§ To do
Return the data below in full and exactly, except that the pictures are dropped.

§ Source material

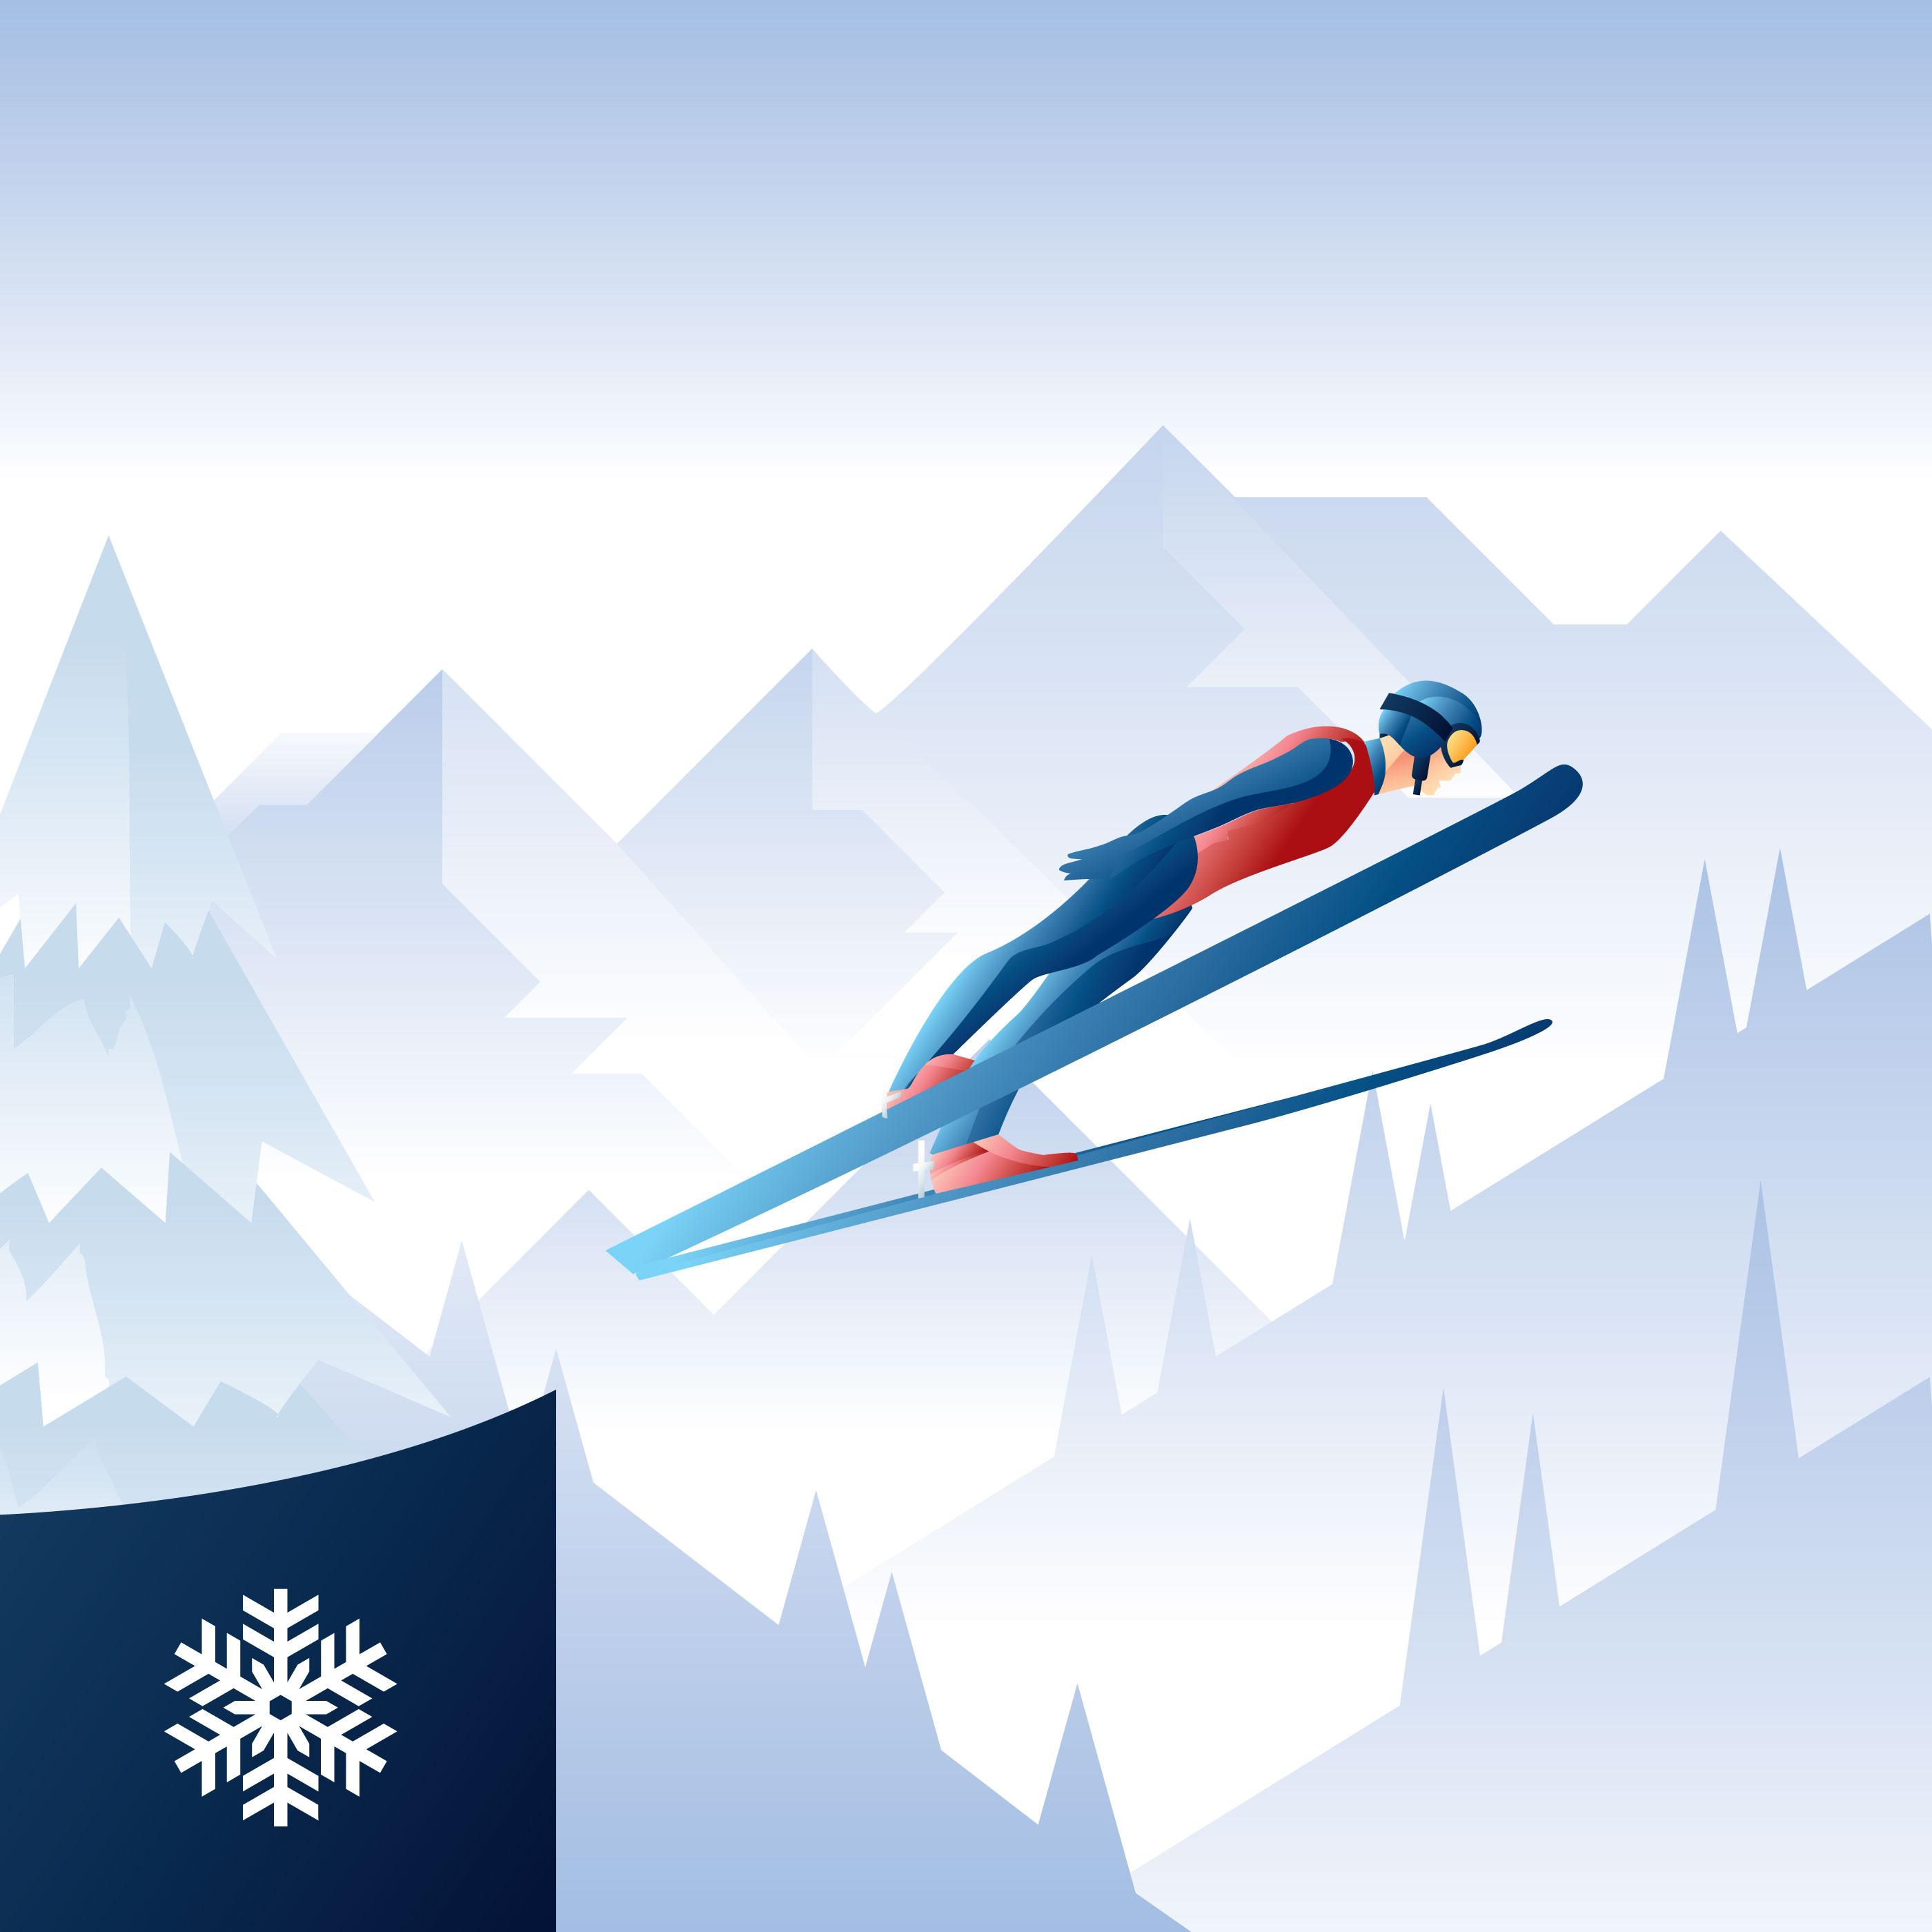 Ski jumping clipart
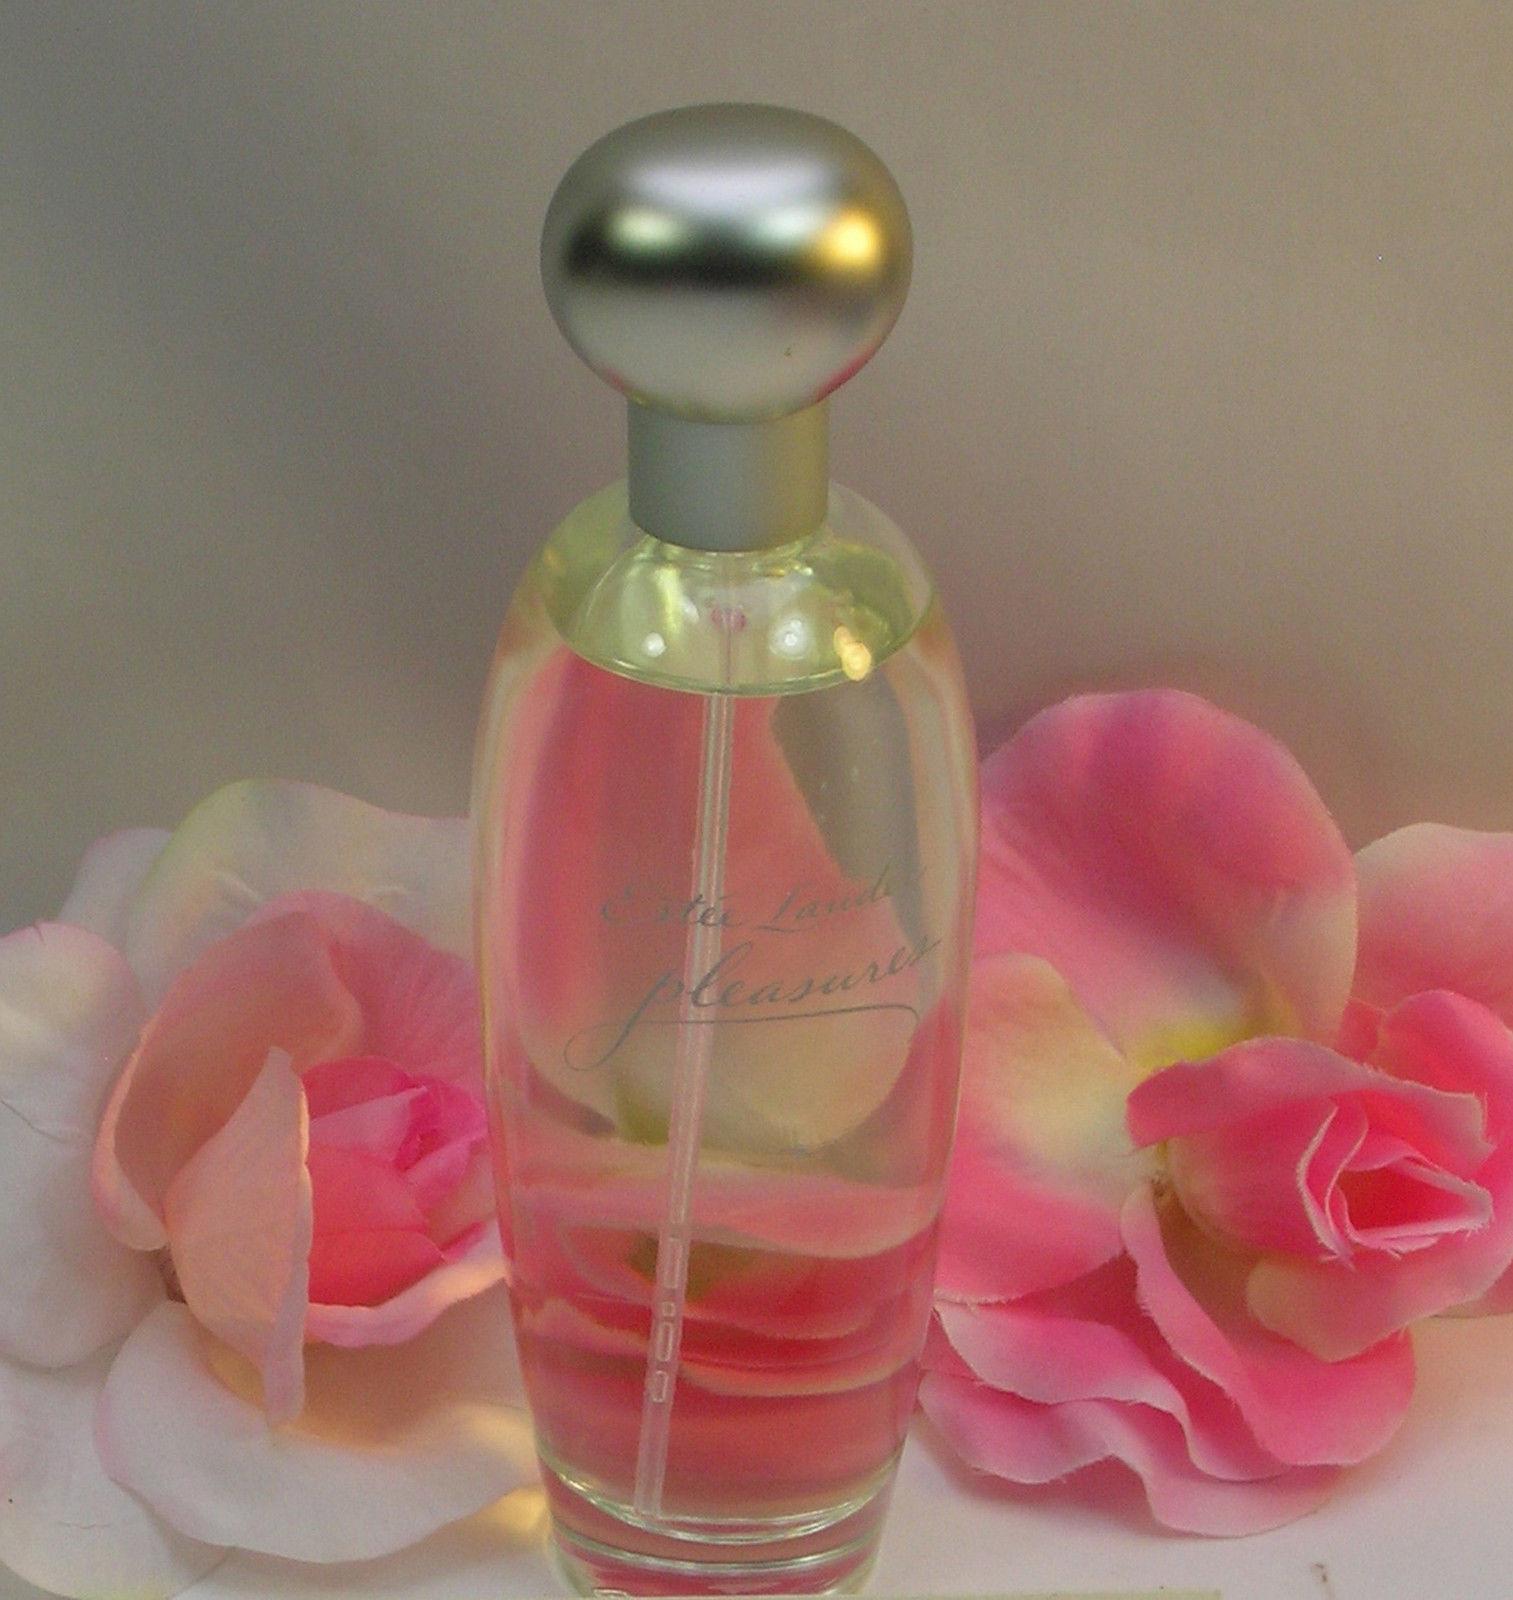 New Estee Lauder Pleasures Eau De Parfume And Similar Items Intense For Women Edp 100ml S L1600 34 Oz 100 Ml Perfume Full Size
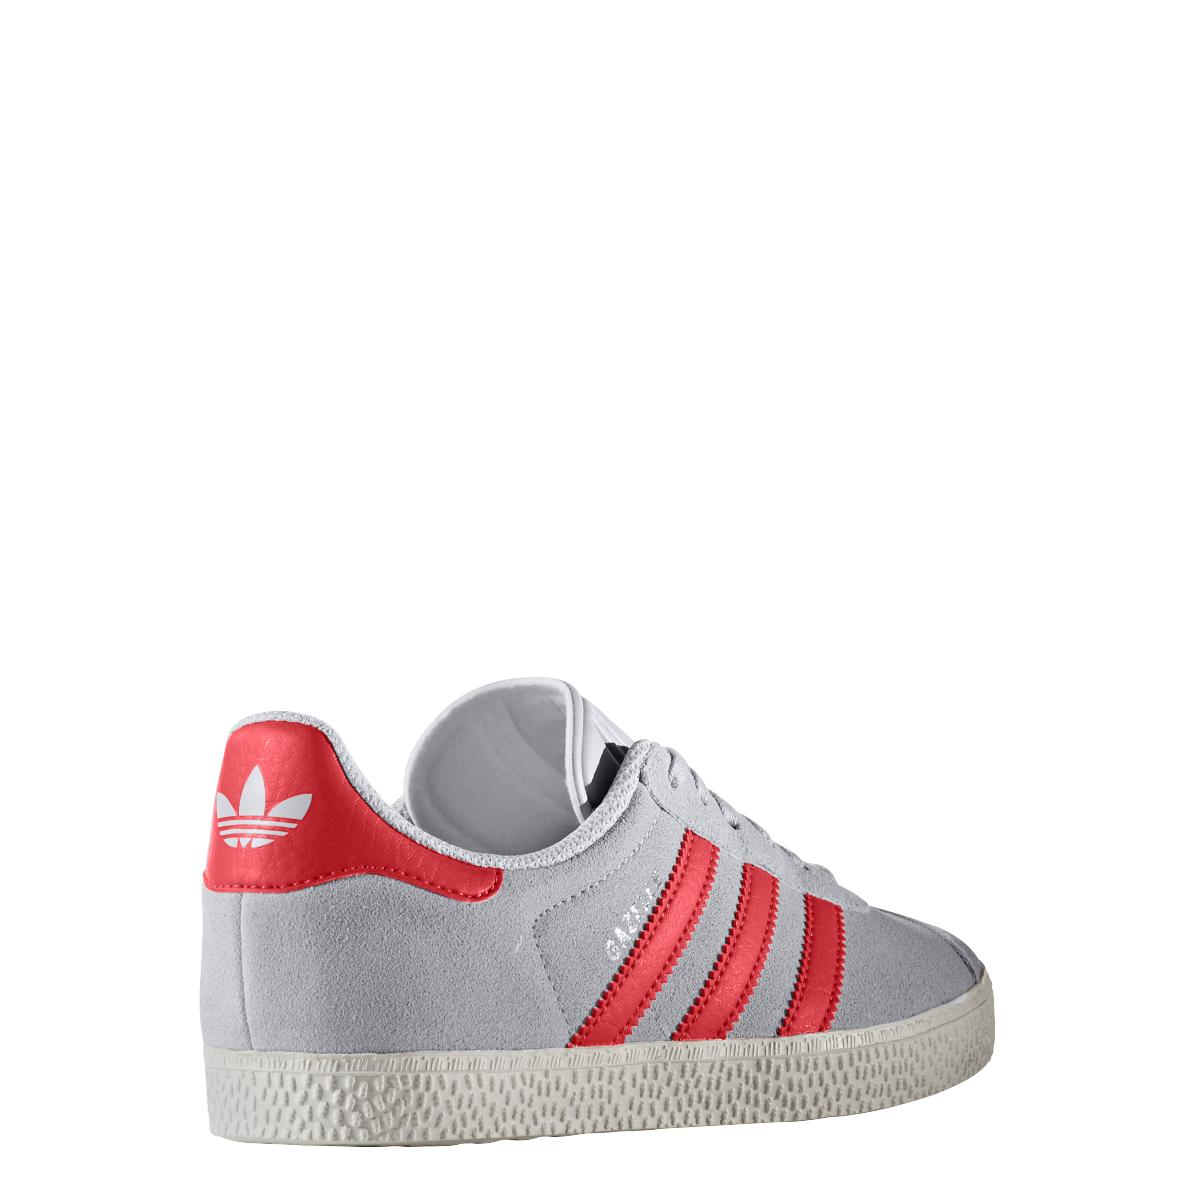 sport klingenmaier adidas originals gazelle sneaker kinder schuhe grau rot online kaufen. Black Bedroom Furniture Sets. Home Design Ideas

§ Answer to the exercise
 Ski jumping clipart
 New Estee Lauder Pleasures Eau De Parfume And Similar Items Intense For Women Edp 100ml S L1600 34 Oz 100 Ml Perfume Full Size
 sport klingenmaier adidas originals gazelle sneaker kinder schuhe grau rot online kaufen. Black Bedroom Furniture Sets. Home Design Ideas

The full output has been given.